Brilliant, famed novelist Bill Allenson has fashioned a life of exile, along with his senile, elderly father, in a stuffy old house/used book shop where he doesn't have to deal with the public or his feelings.
Much to his surprise, and his chagrin, Bill's solitude is disrupted by an unexpected visitor in the shapely form of Diane Ashe, a single New York City woman whose car has broken down en route to her aunt's house.
With the snowstorm raging outside, Diane ends up spending the night at Bill's.
Almost immediately, these two strong personalities dance a witty jig of repulsion and attraction, tossing scathing, intelligent barbs at each other with uncanny precision. Old wounds are opened and new healing begins as an unlikely love blossoms.

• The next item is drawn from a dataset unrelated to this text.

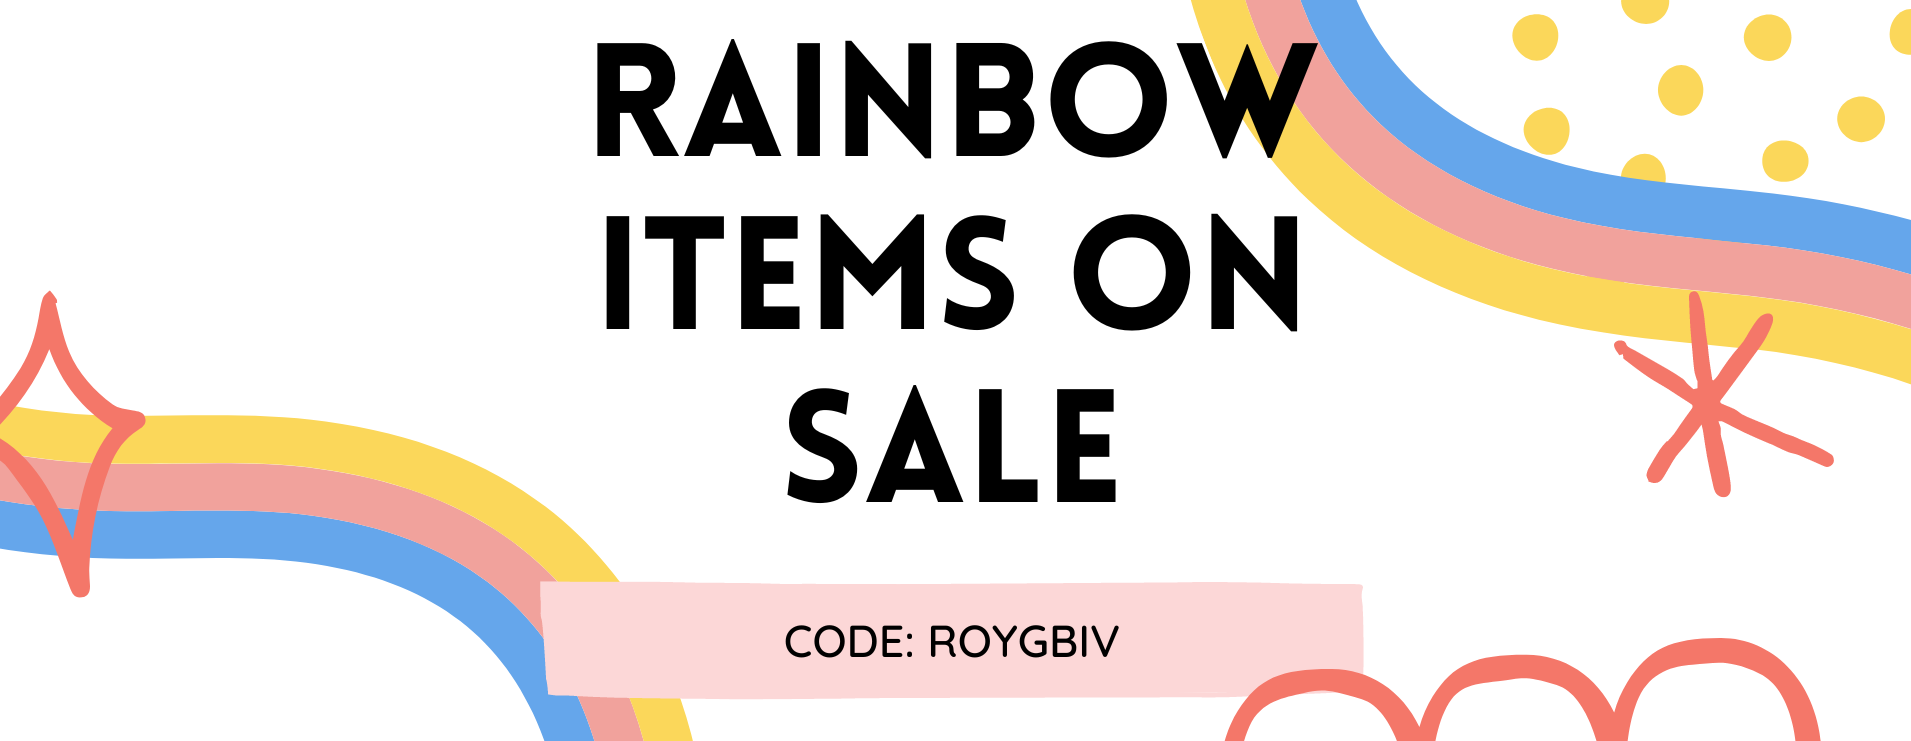 rainbow items on sale. code: roygbiv

The evening is peppered with visits from locals, including Charlie, who bears a know-it-all personality similar to Cliff from TV's "Cheers," and Helen, a doting but disheartened woman coming to grips with her cheating husband.
The sparks between Diane and Bill are in danger of being extinguished as the locals begin to suspect Diane's car trouble was more planned than accident.
"Einstein" gets its offbeat title from two subplots woven throughout the narrative. Bill's senile father, Andrew, constantly recounts a story about how he once met Einstein in a coffee shop, though he only gets bits of the story out at a clip. Meanwhile, an escaped polar bear from the zoo is being tracked by the locals, including Bill, who can't bring himself to shoot the creature.
Lead actors Liann Pattison and David Rose fashion genuine chemistry as Diane and Bill, finding the required comic timing in their delivery.
Lon Huber carves out an entertaining performance as Charlie the mailman and the superb Jodi Carlisle simply steals her scenes as the ditsy yet emotionally complex Helen.
Director Silas Cooper keeps the performances sharp and focused, never losing sight of the tortured souls underneath the characters' quirks and stylized banter.
This is a fun play -- an offbeat, character-driven romantic comedy with brains, heart and sass.
Are we all fated to find
our true love? Maybe. But, as in the case of Bill and Diane, sometimes
a little strategic manipulation is required.